Le cerveau réagit aux langues entendues dans la petite enfance

Le cerveau humain est capable d'identifier des sons et des tonalités propres à une langue entendue durant la petite enfance, mais jamais entendue par la suite. Telle est la conclusion d'une recherche canadienne menée sur des enfants adoptés, publiée ce 17 novembre dans les Comptes rendus de l'Académie américaine des sciences (PNAS).

La rédaction d'Allo Docteurs
La rédaction d'Allo Docteurs
Rédigé le
L'apprentissage peut se faire pendant le sommeil paradoxal et le sommeil lent léger.
L'apprentissage peut se faire pendant le sommeil paradoxal et le sommeil lent léger.
Zone spécifiquement activée lors de l'écoute des sons et tonalités du chinois mandarin (les niveaux d'activation des zones non spécifiques ont été soustraits aux résultats). Source : PNAS
Zone spécifiquement activée lors de l'écoute des sons et tonalités du chinois mandarin (les niveaux d'activation des zones non spécifiques ont été soustraits aux résultats). Source : PNAS

Dans les premiers jours qui suivent la naissance, notre cerveau apprend à reconnaître les sons(1) propres au langage employé par nos congénères. Mais qu'advient-il des connexions neuronales associées à la reconnaissance de cette langue si, au cours de notre vie, nous n'y sommes plus exposés ?

Afin de répondre à cette question, des chercheurs canadiens ont recruté une quarantaine d'adolescentes. Un premier groupe était formé de jeunes filles nées et élevées dans des familles francophones, n'ayant pas appris une autre langue. Un deuxième groupe comptait des filles adoptées avant l'âge de trois ans (en moyenne, à l'âge de un an) par des familles exclusivement francophones. Un dernier groupe regroupait des filles adoptées en Chine, ayant appris le français avant l'âge de trois ans, mais ayant continué à pratiquer le mandarin tout au long de leur vie.  

Ces jeunes filles ont écouté des enregistrements de différents sons et tonalités, dont certains étaient très caractéristiques du chinois mandarin qui n'existent pas en français.

Dans une première phase de l'étude, les enfants devaient tâcher d'identifier les séquences sonores qui correspondaient à un langage parlé. Les scores des enfants nés en Chine sont apparus significativement supérieurs à ceux des enfants n'ayant jamais été exposés aux langues de ce pays.

Par la suite, les chercheurs ont réalisé des IRM lors de la diffusion des séquences audio. Les relevés montrent que chez toutes les filles exposées au mandarin très jeunes, le gyrus temporal supérieur gauche s'active fortement. Chez les sujets uniquement exposés au français, c'est une autre partie au niveau du cortex auditif (le gyrus temporal supérieur droit) qui s'active(2).
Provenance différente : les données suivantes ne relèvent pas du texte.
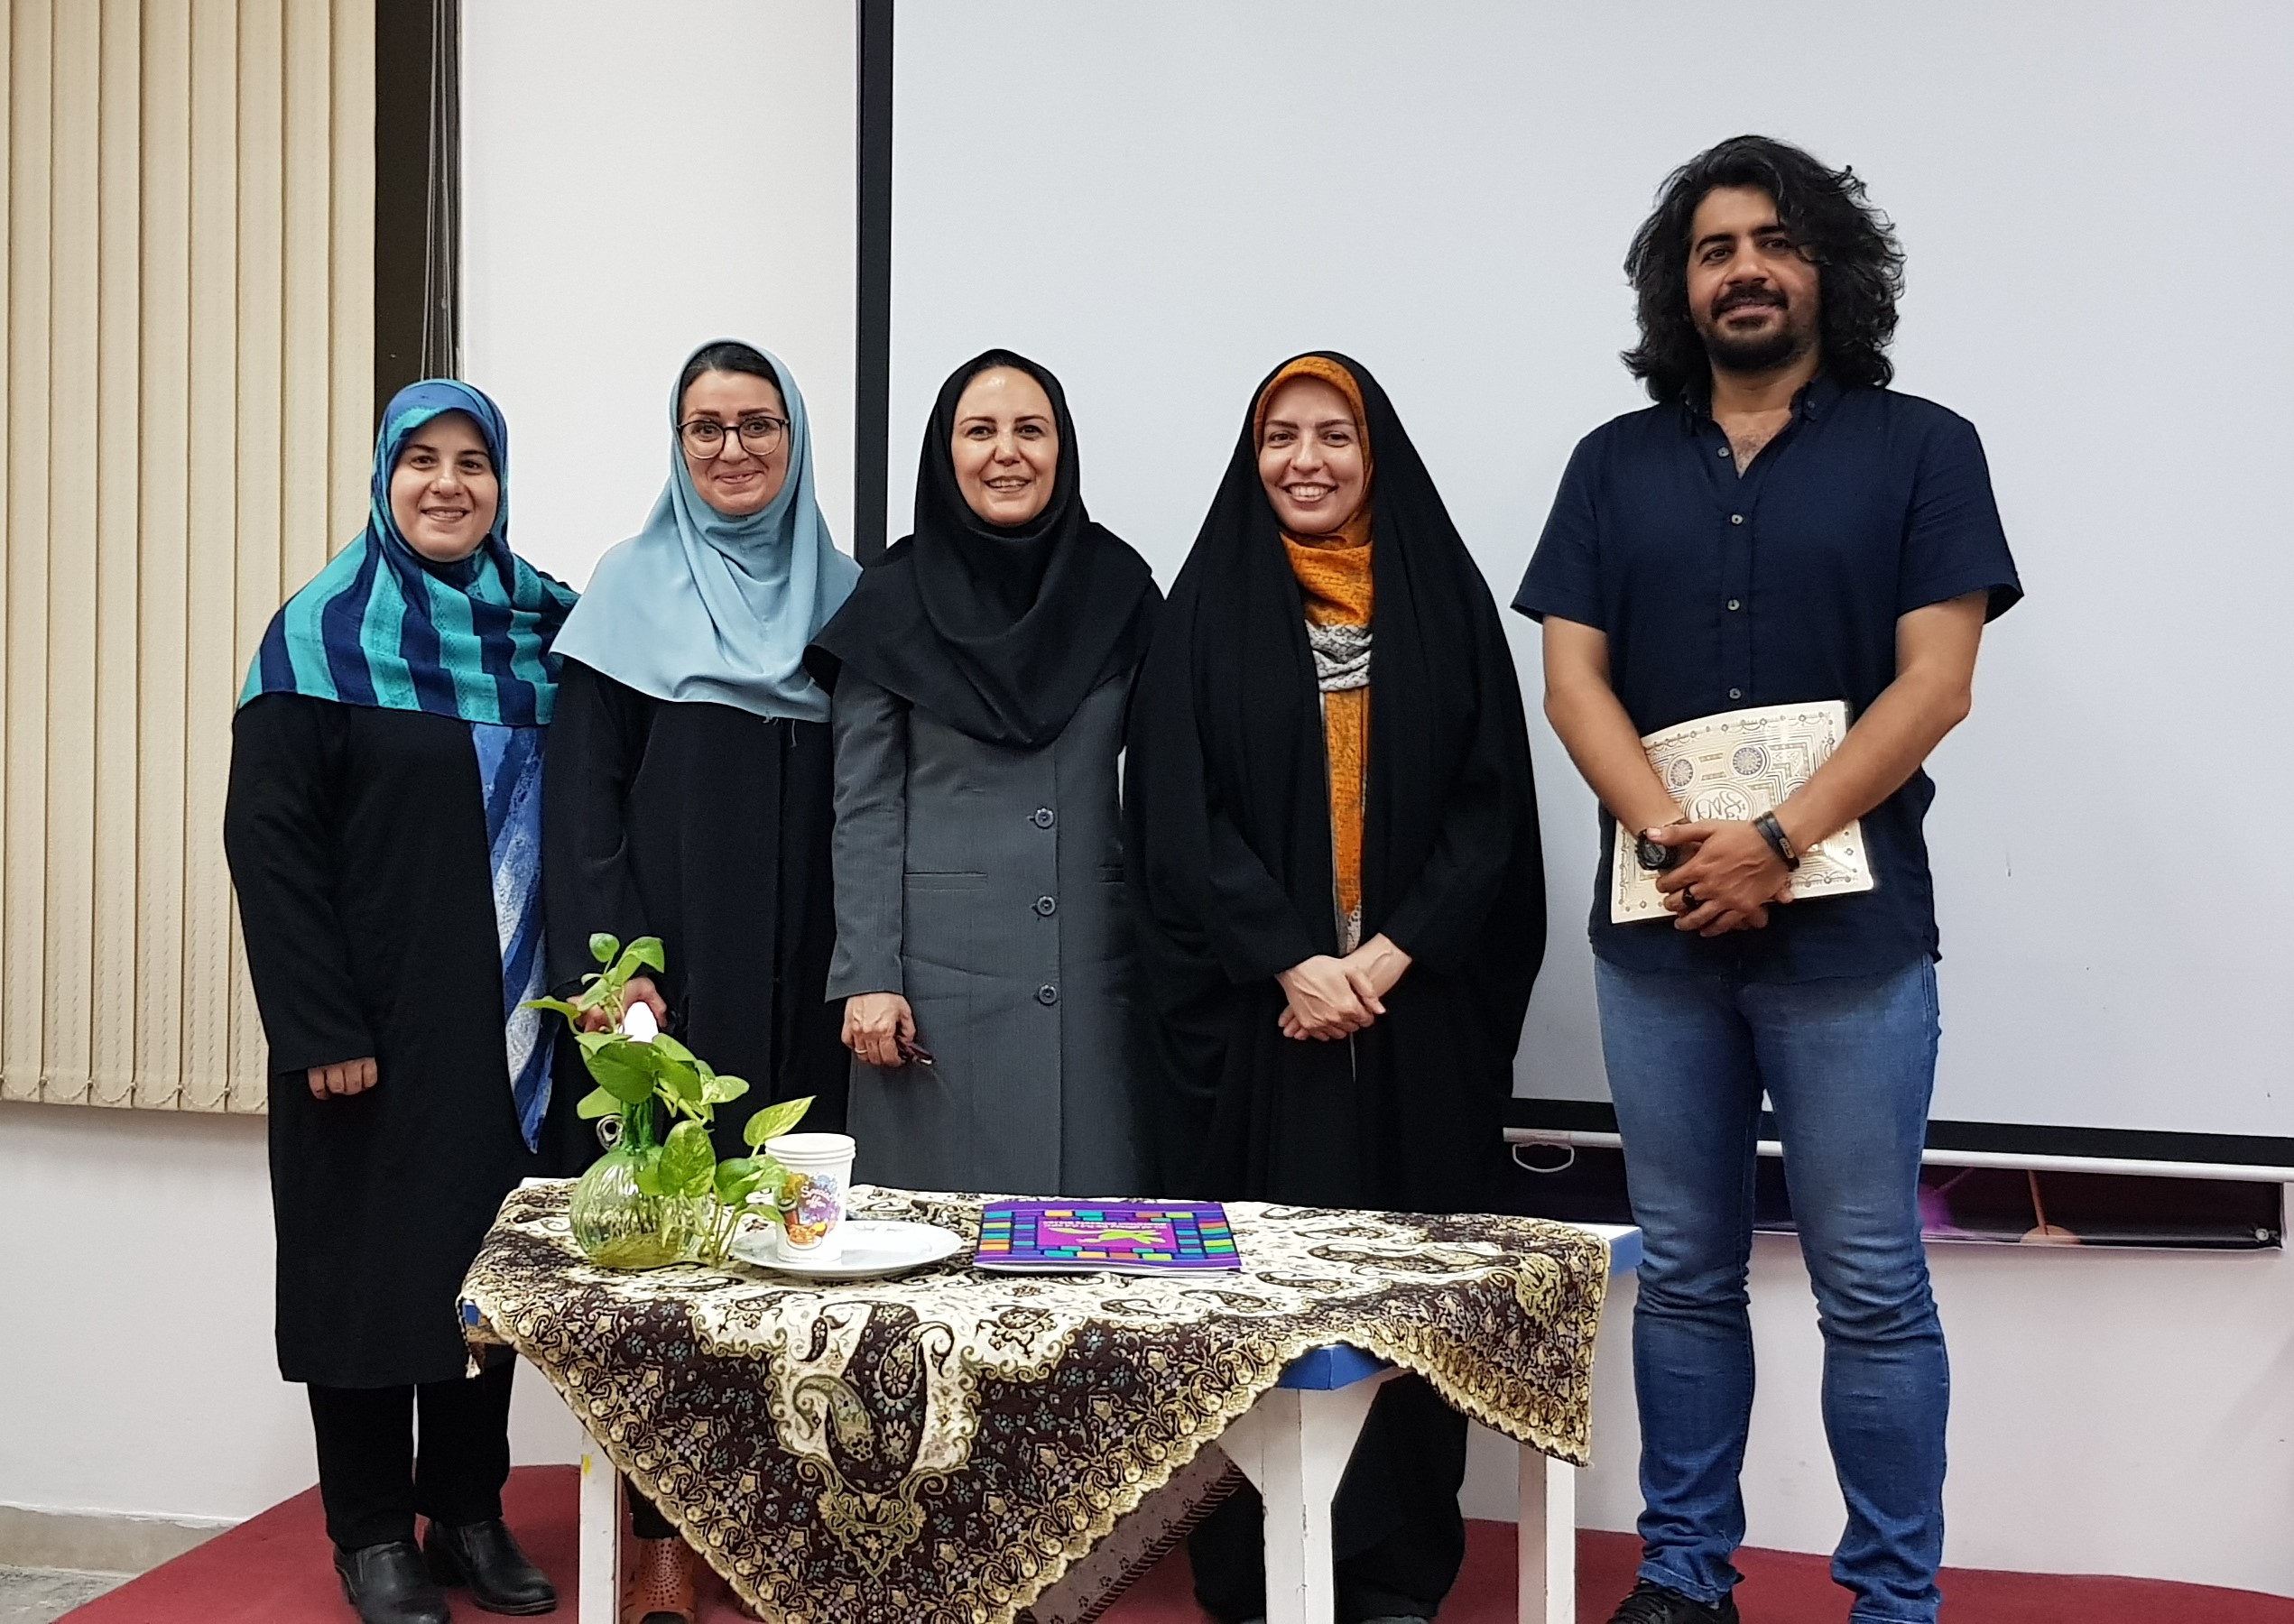 سومین جلسه انجمن زیست شناسی کانون استان تهران برگزار شد

"Les représentations mentales créées dans le cerveau d'un très jeune enfant par l'apprentissage d'une langue peuvent persister à l'âge adulte malgré la perte de la capacité à la parler", expliquent les auteurs de ces travaux. Ils soulignent que la petite enfance est une période durant laquelle le cerveau possède une très grande plasticité.

La première année de la vie apparaît donc aux chercheurs comme "une période optimale" pour le développement des catégories de sons de la langue maternelle, réalisé par un processus d'harmonisation avec l'environnement.
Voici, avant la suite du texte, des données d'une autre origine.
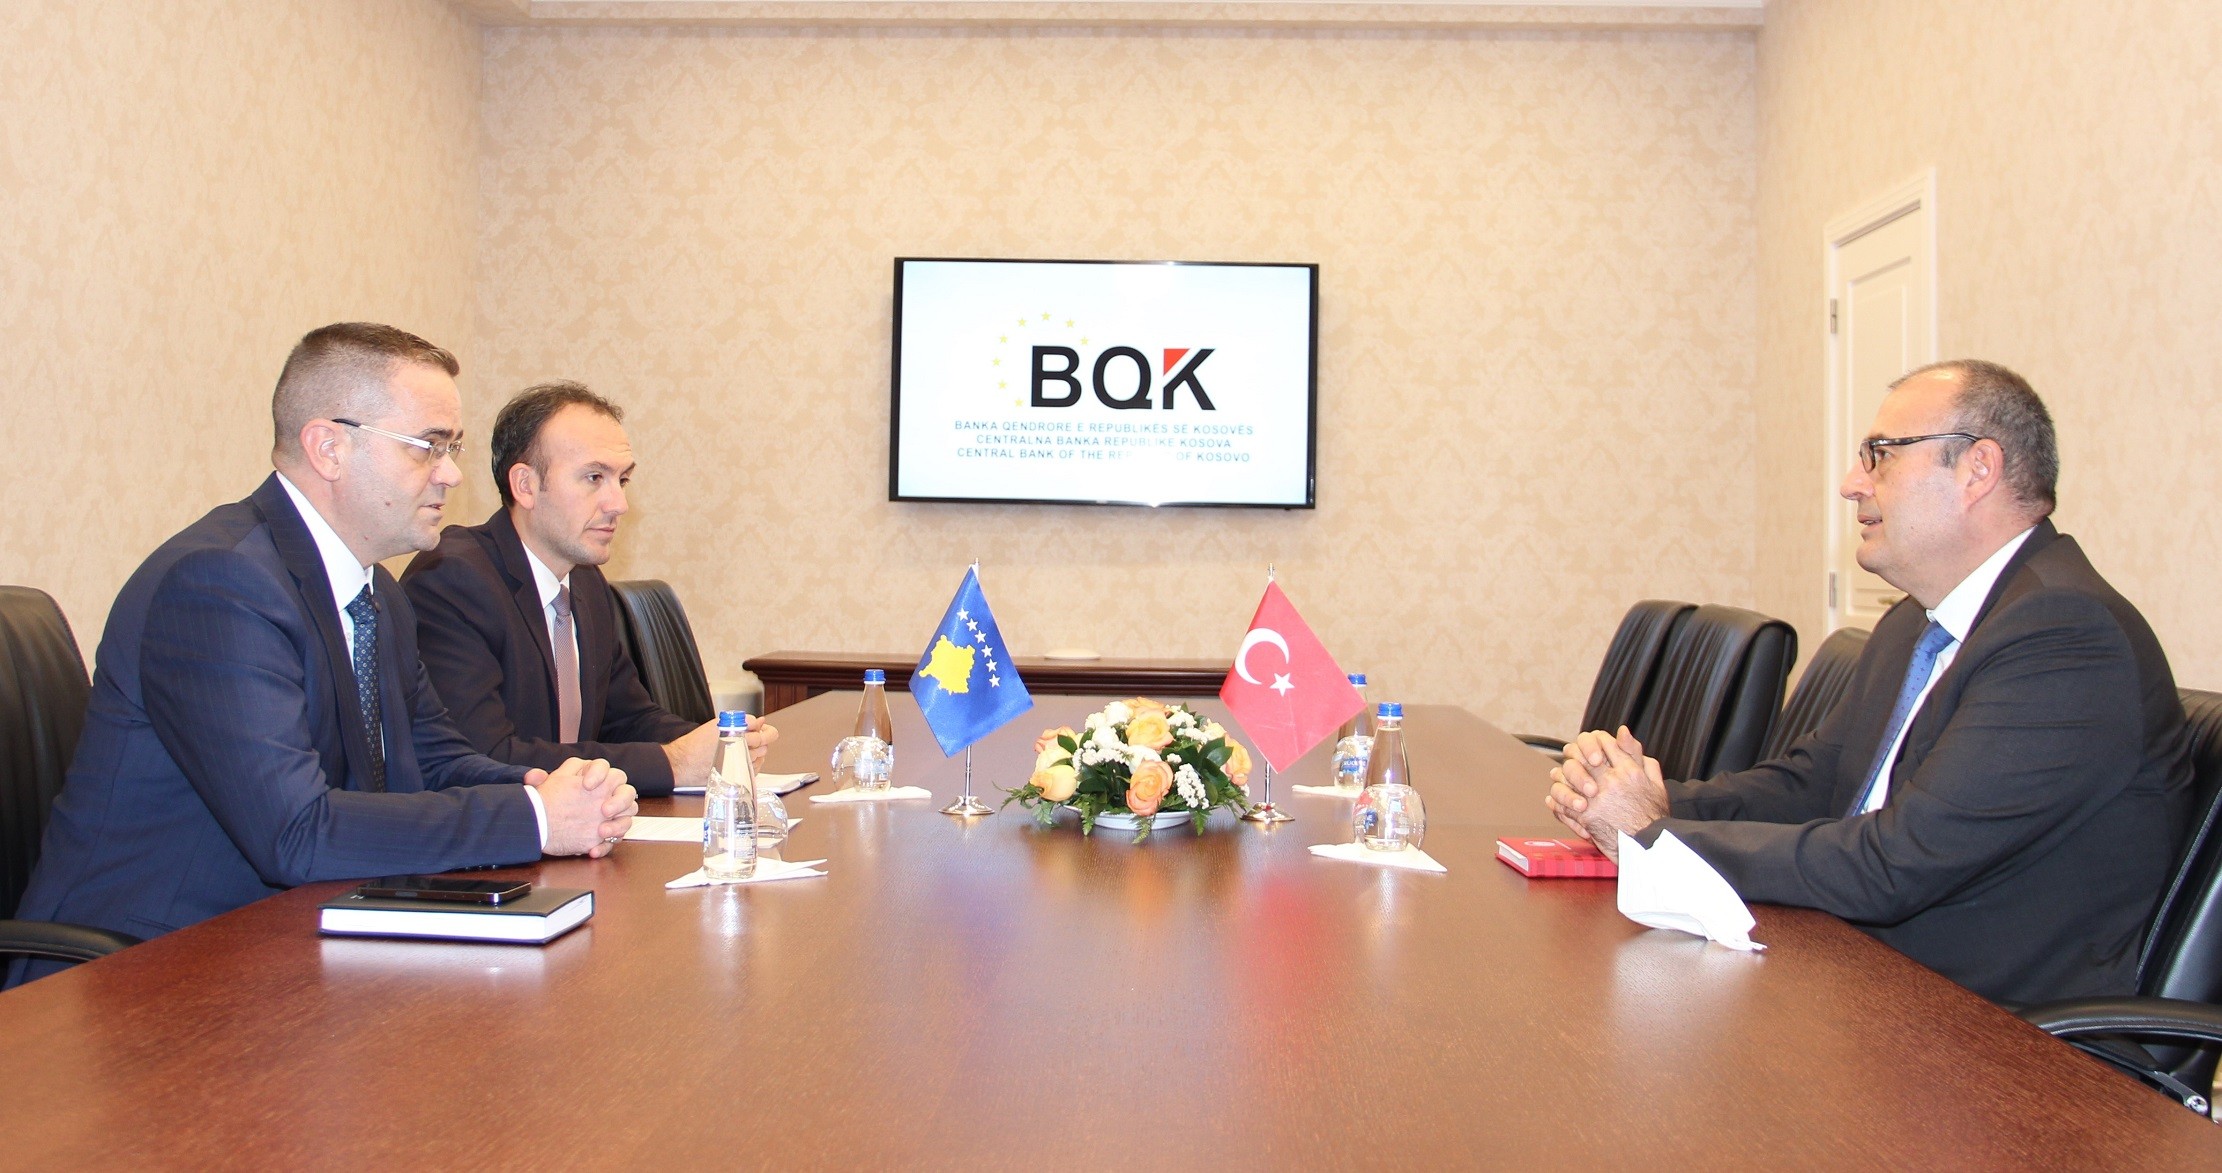 Guvernatori Mehmeti dhe ambasadori Sakar flasin për zhvillimet në ekonomi

L'exposition à une seule langue accroît progressivement la sensibilité aux sons et tonalités qui y sont spécifiques au détriment de la capacité à reconnaître spontanément d'autres sons.

Si les recherches permettent de comprendre la formation de ces premières représentations dans le cerveau, les mécanismes cérébraux nécessaires pour les maintenir restent largement incompris, notent les auteurs.

Selon eux, cette recherche est "la première observation neurale de ce qui se passe dans le cerveau lors des premiers moments de l'apprentissage" et de la persistance des effets.

-----

(1) Les sons propres au langage sont, d'ailleurs, analysés dans des zones spécifiques de notre cerveau.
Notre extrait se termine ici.